EXERCISE DIRECTIONS: Each line from the one holding "REIGN BOW //" to the last line below must be restated word for word, and no picture may be included.

DATA SHOWN:

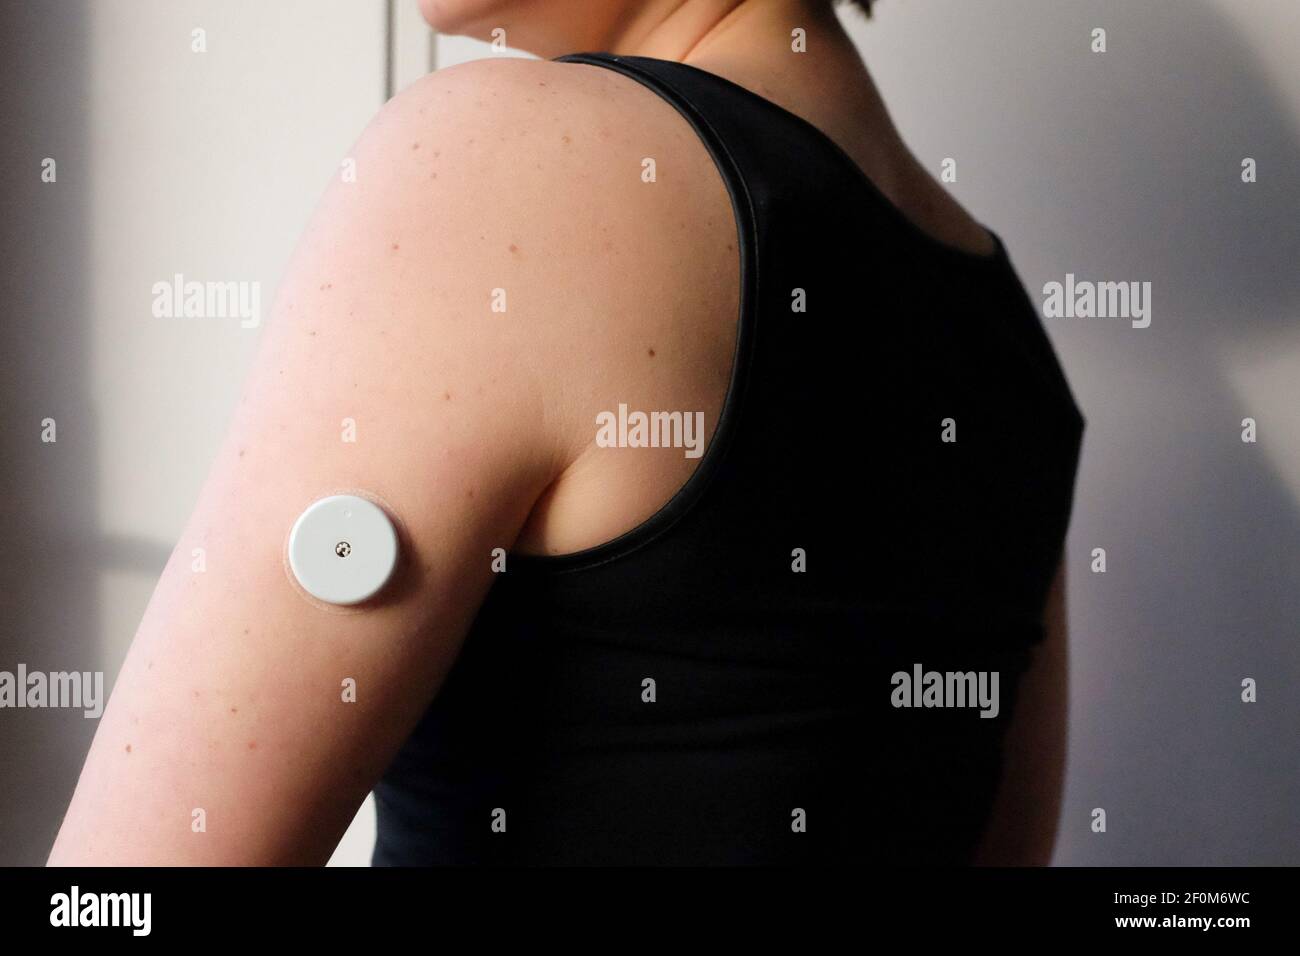 Eine Frau trägt einen Freestyle Libre Flash Glukosesensor. Das Gerät, das  normalerweise am Oberarm getragen wird, hilft Menschen mit Typ-1-Diabetes,  ihren Blutzuckerspiegel zu überwachen. Jeder Sensor hält 14 Tage und kostet  etwa £
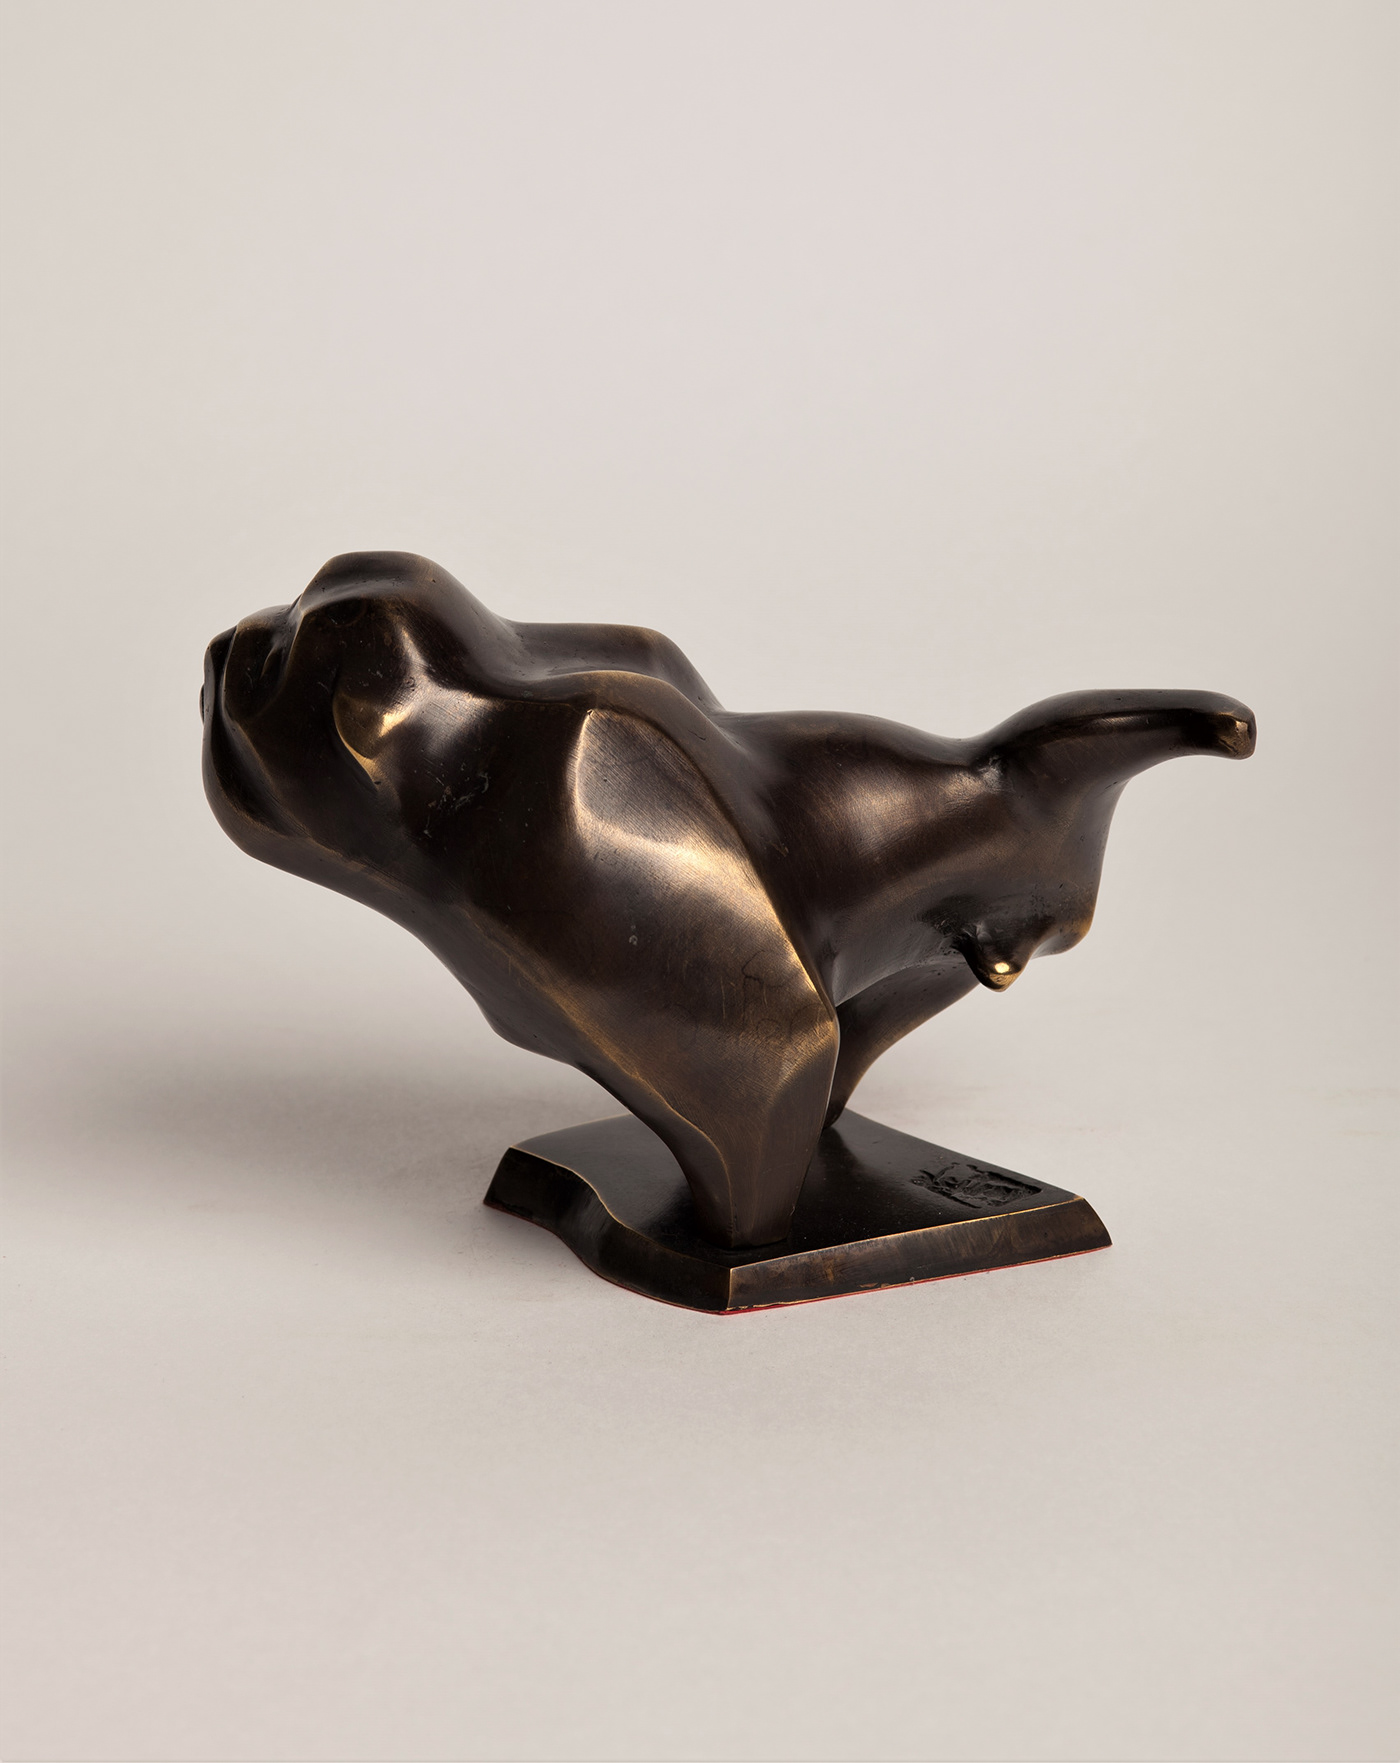 bronze bulldog contemporary dog figurative FINEART homedeco sulpture
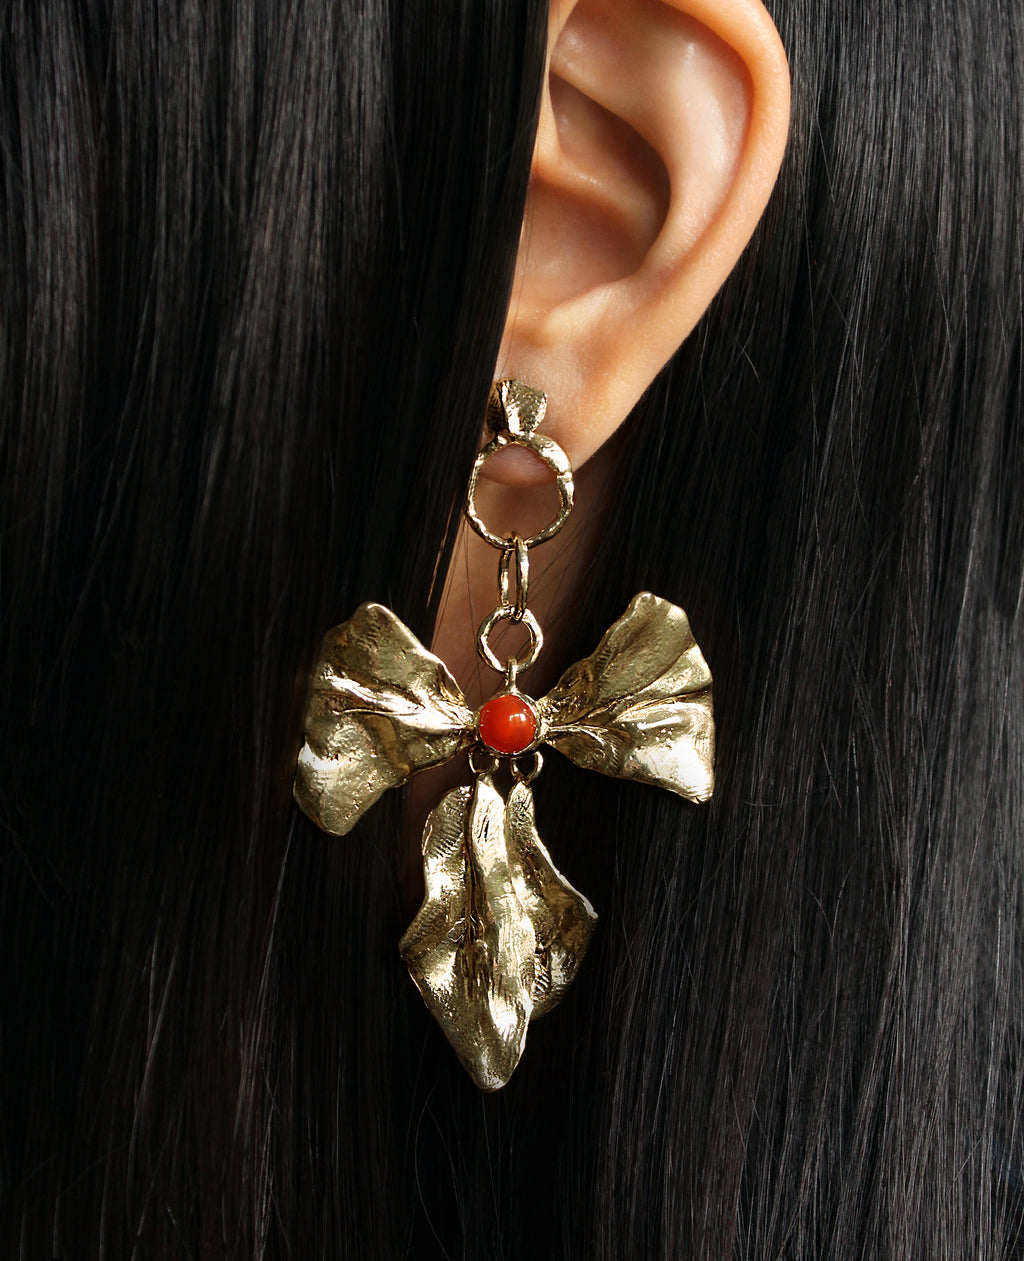 REIGN BOW // Boucles d'oreilles avec cornaline - ORA-C jewelry - bijoux faits main par Caroline Pham, designer indépendante basée à Montréal
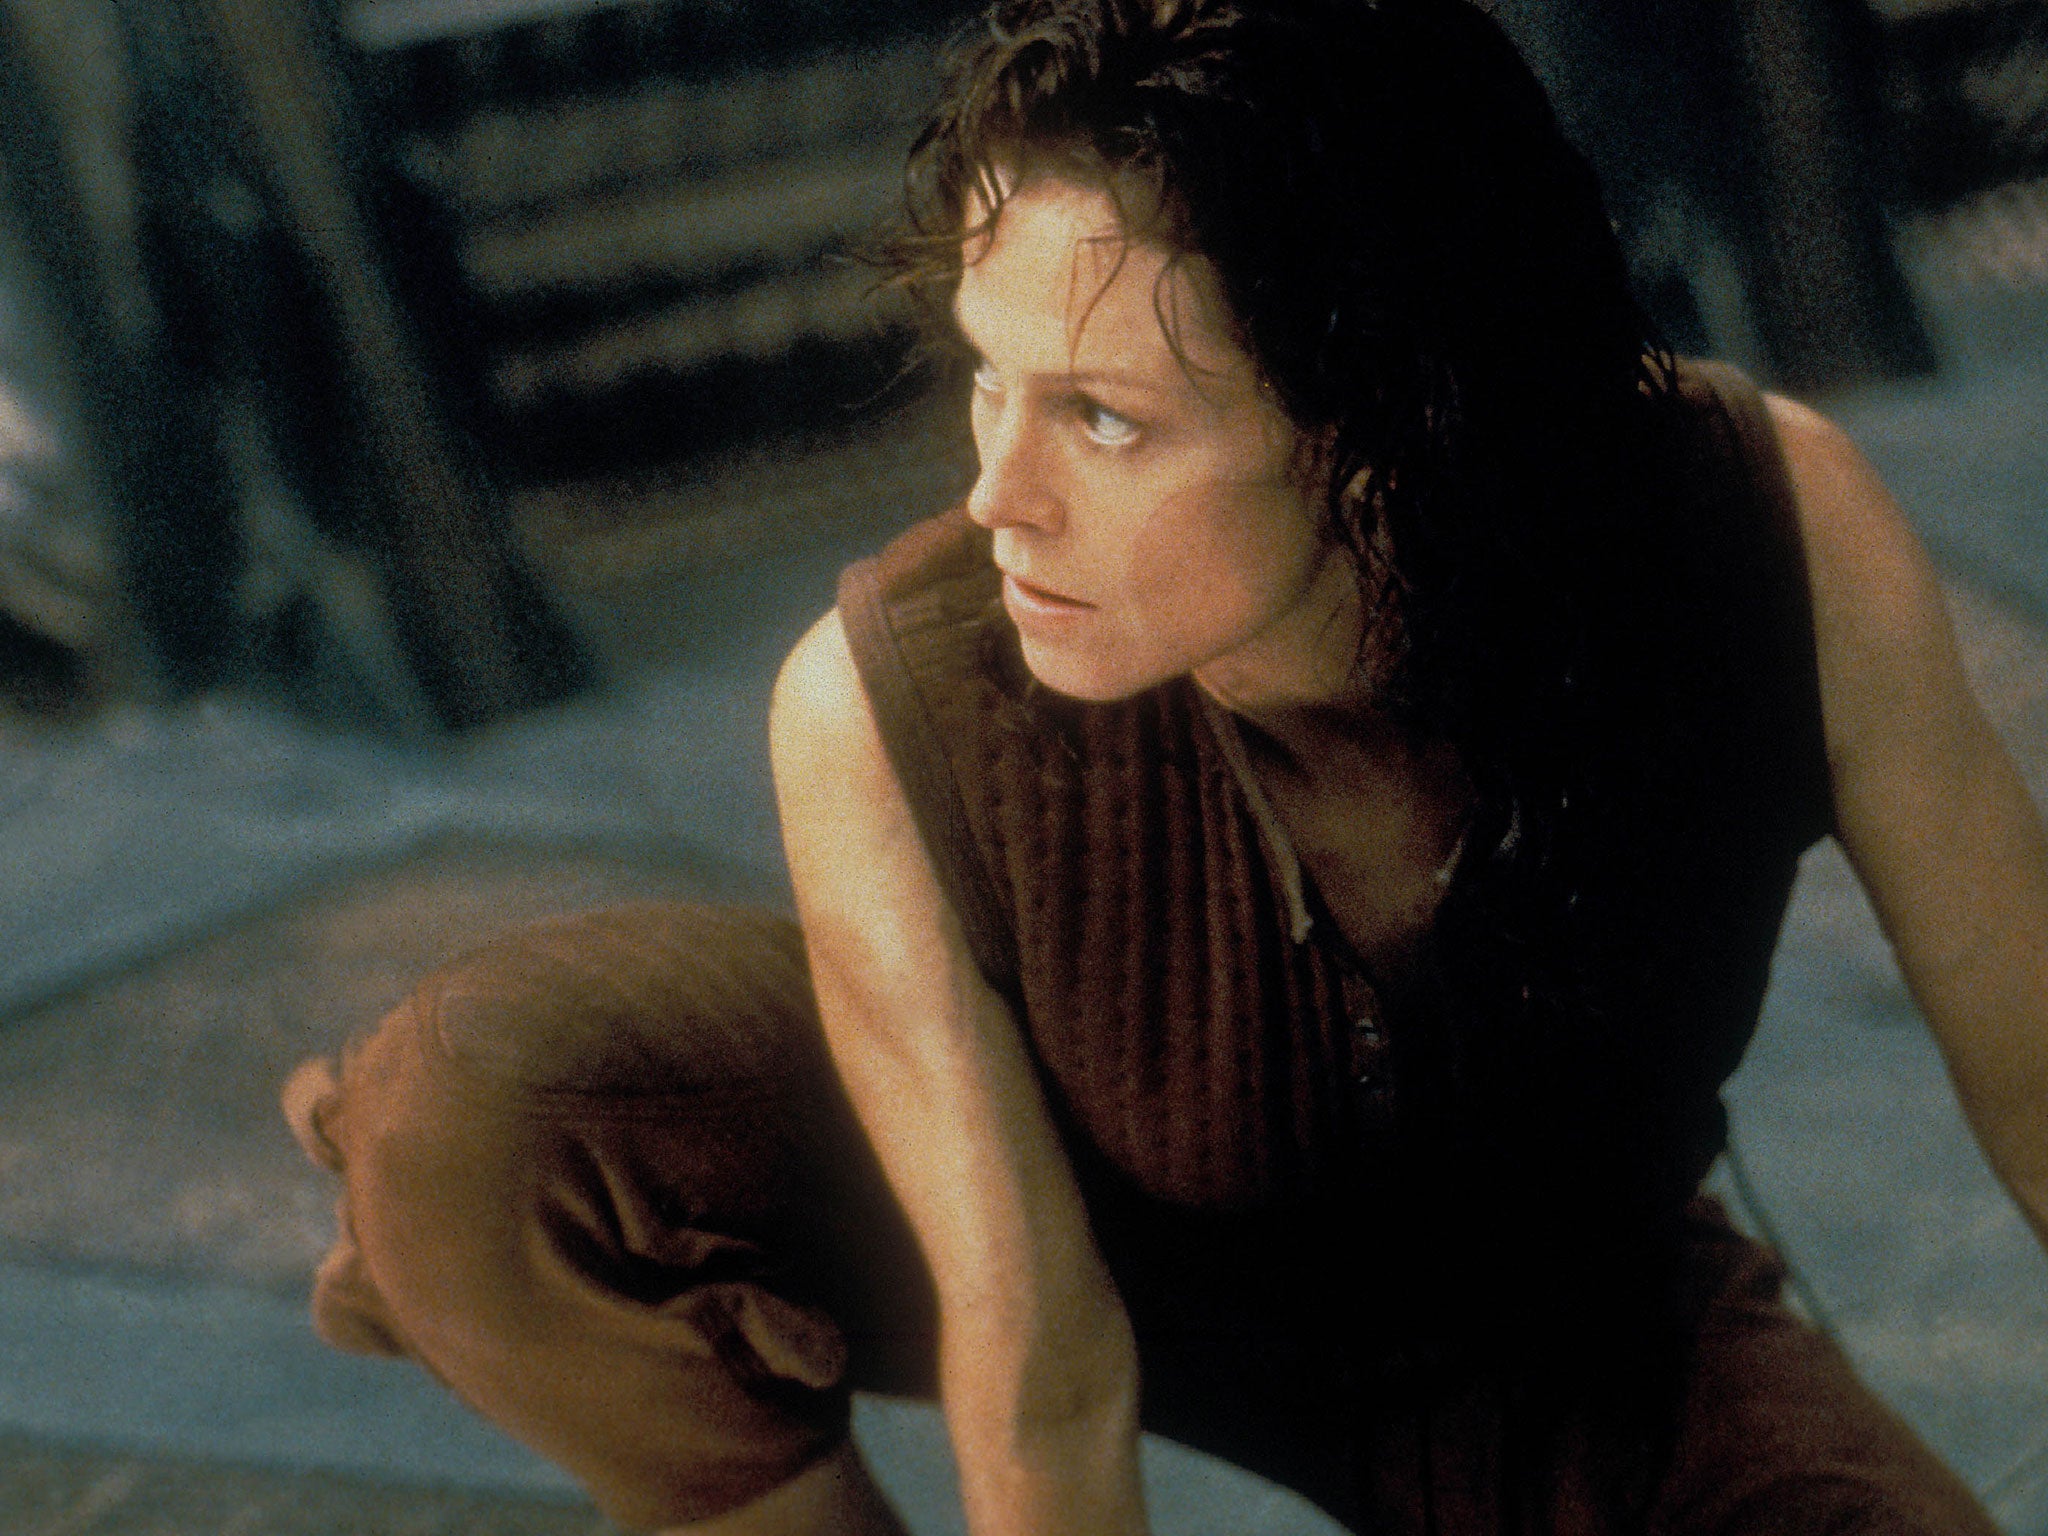 Sigourney Weaver as Ellen Ripley in Alien: Resurrection

EXERCISE OUTPUT:
 REIGN BOW // Boucles d'oreilles avec cornaline - ORA-C jewelry - bijoux faits main par Caroline Pham, designer indépendante basée à Montréal
 Sigourney Weaver as Ellen Ripley in Alien: Resurrection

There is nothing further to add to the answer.